PROVIDED DATA:
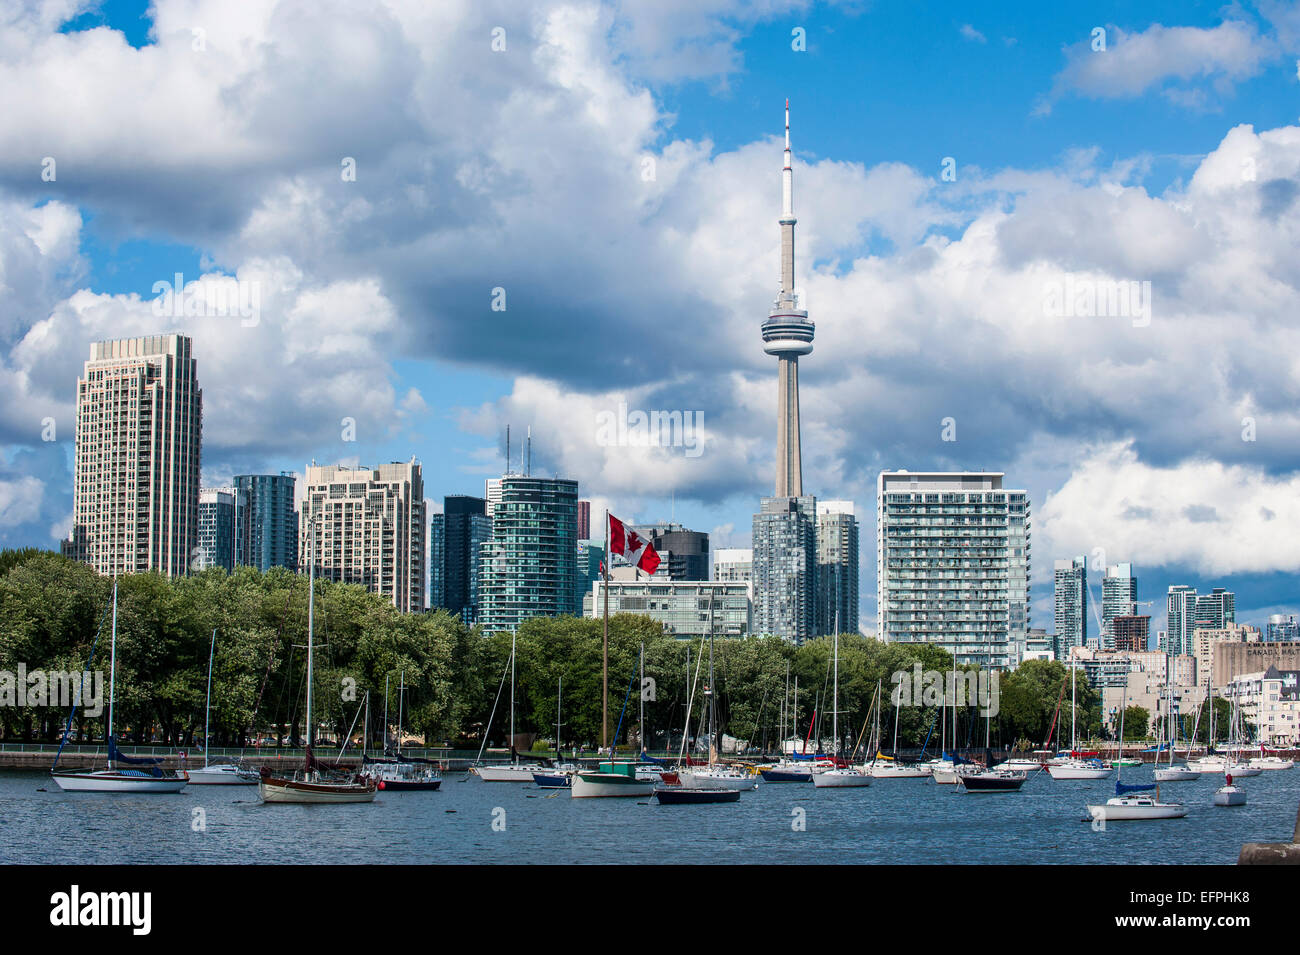 El horizonte de Toronto, Ontario, Canadá, América del Norte Imagen De Stock
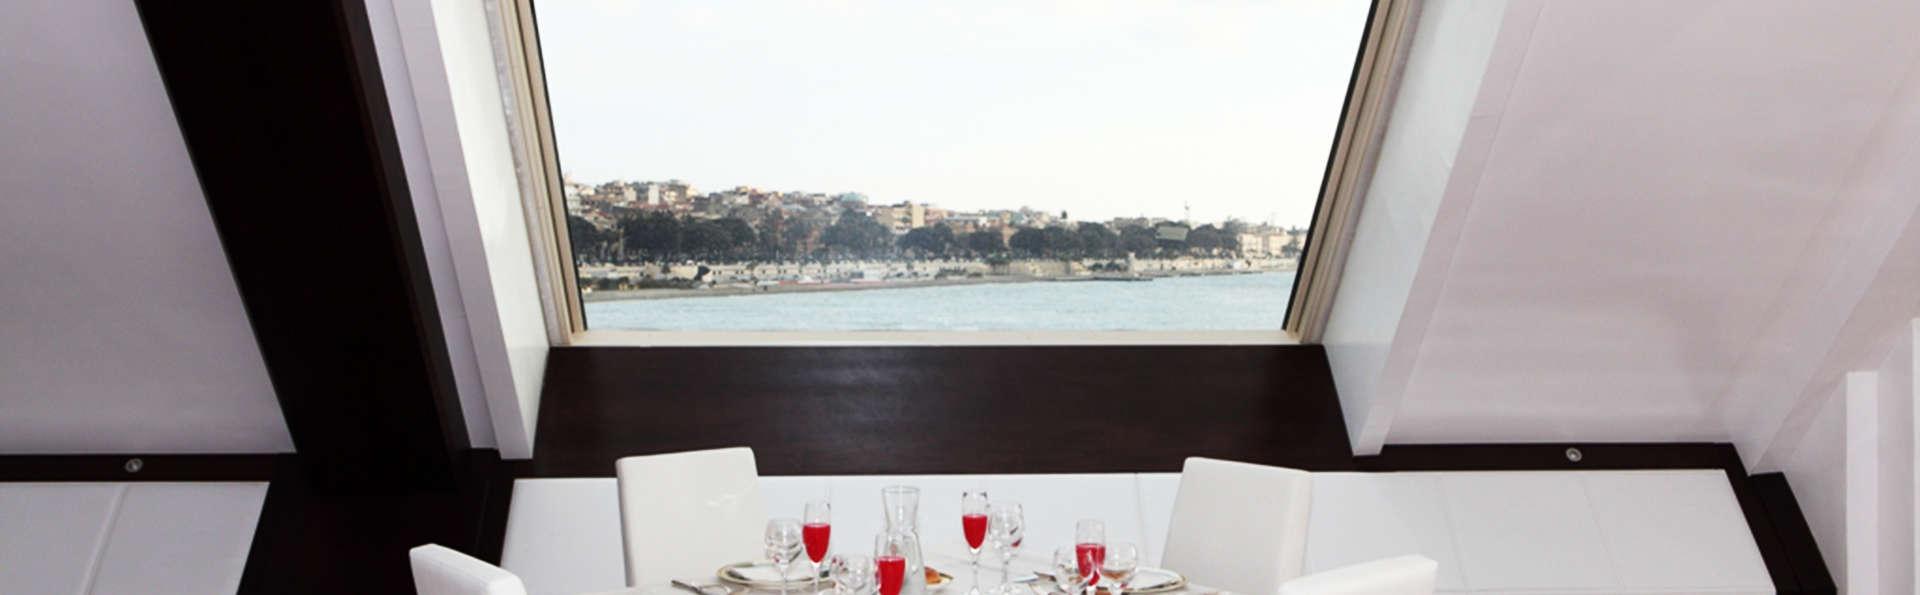 Descanso y media pensión a orillas del mar en Calabria
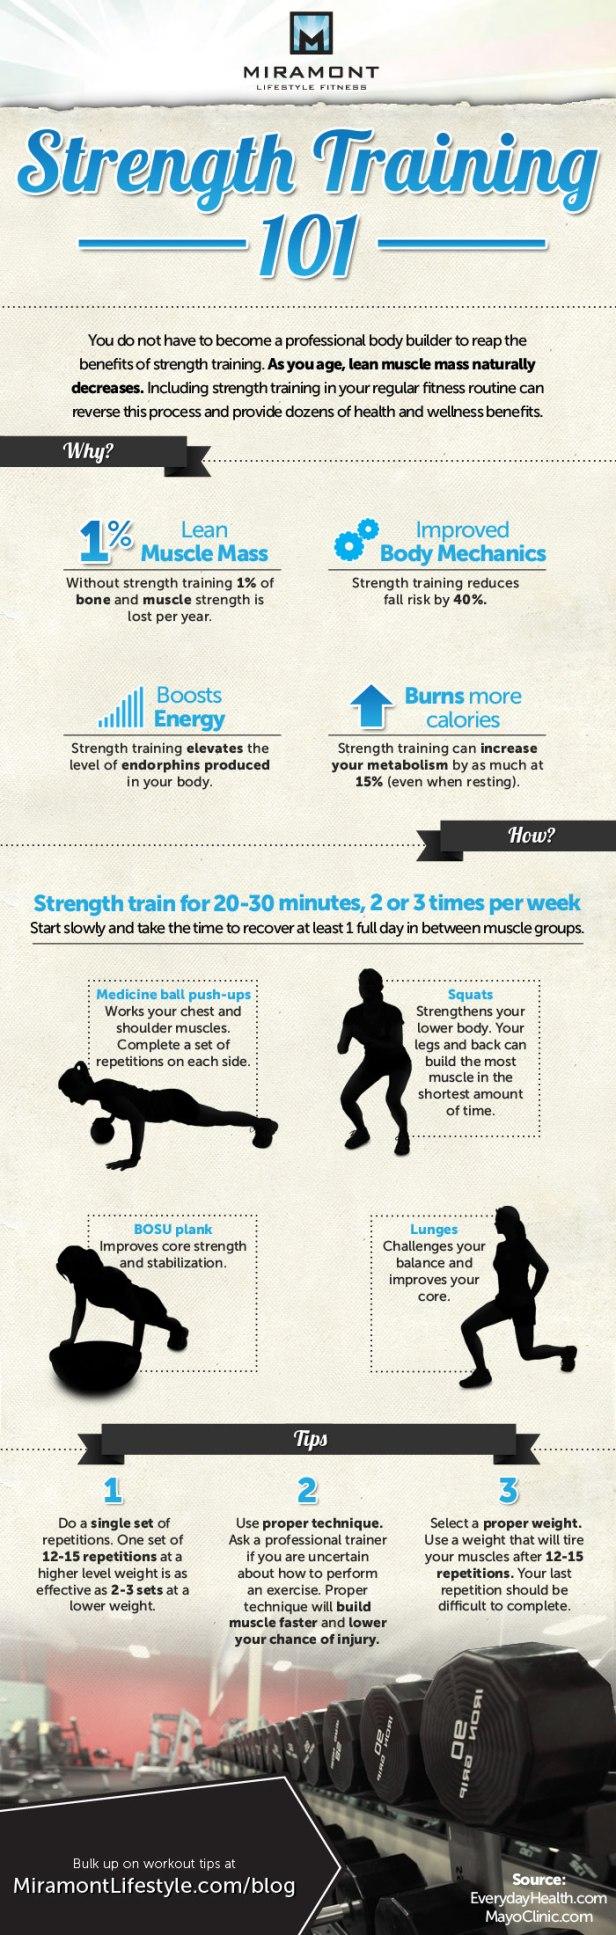 StrengthTraining101.jpg
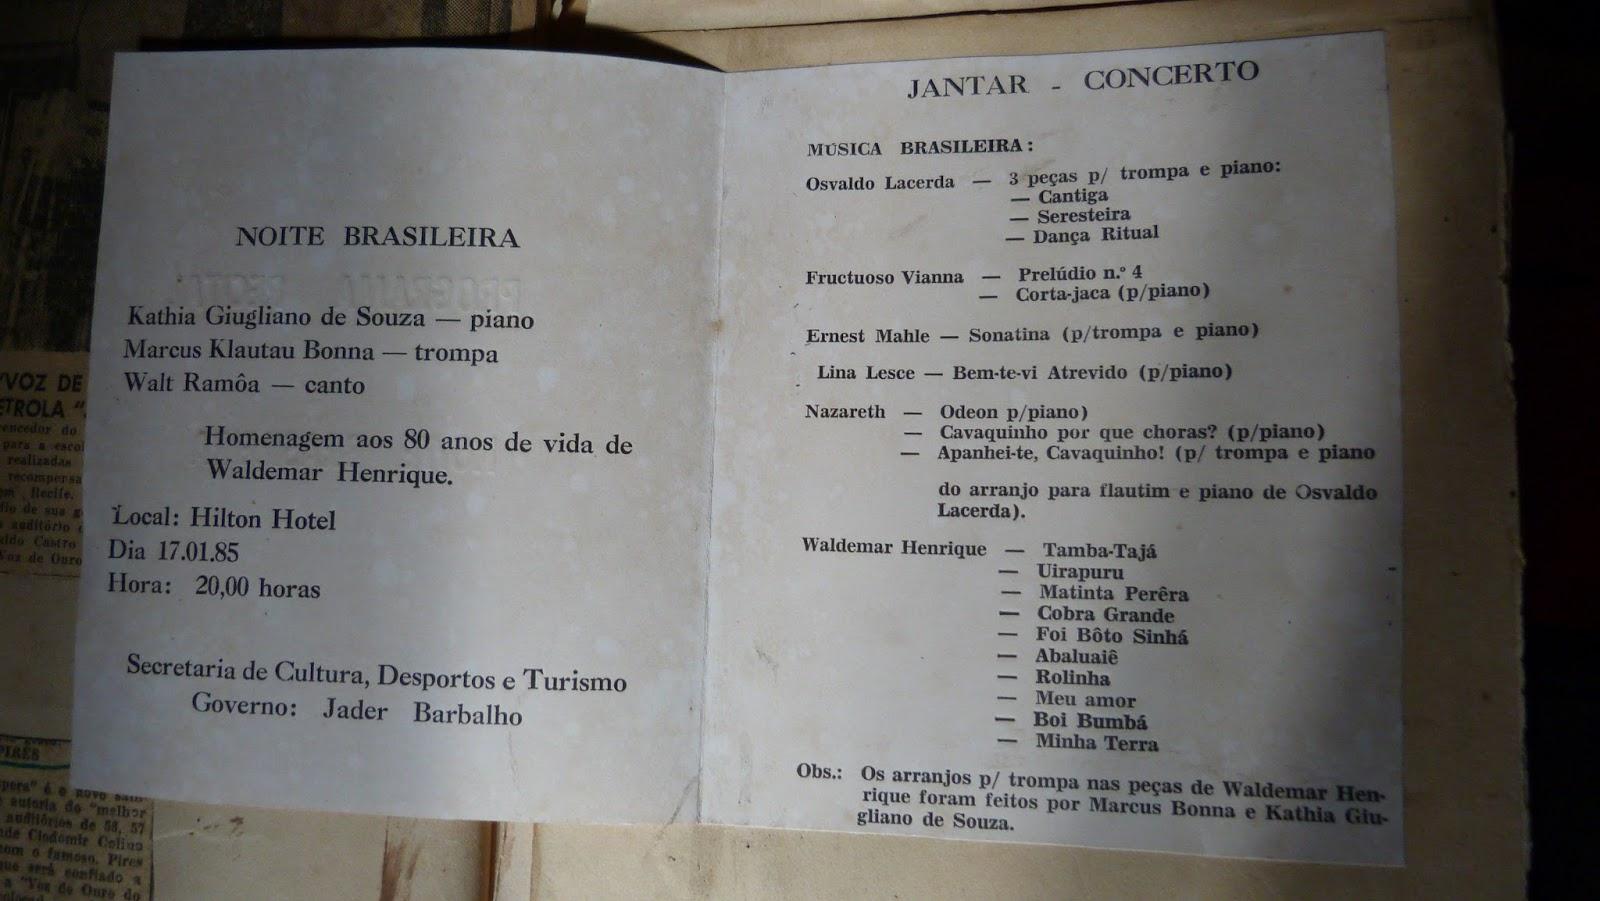 Blog do hektor 2016 wr foi no hilton hotel em belm em 1985 por ocasio dos 80 anos do maestro cantei dez msicas uirapuru tamba taj boi bumb fandeluxe Gallery

PROBLEM DESCRIPTION: Every line of the data should be copied as it stands, without the images.

ANSWER:
 El horizonte de Toronto, Ontario, Canadá, América del Norte Imagen De Stock
 Descanso y media pensión a orillas del mar en Calabria
 StrengthTraining101.jpg
 Blog do hektor 2016 wr foi no hilton hotel em belm em 1985 por ocasio dos 80 anos do maestro cantei dez msicas uirapuru tamba taj boi bumb fandeluxe Gallery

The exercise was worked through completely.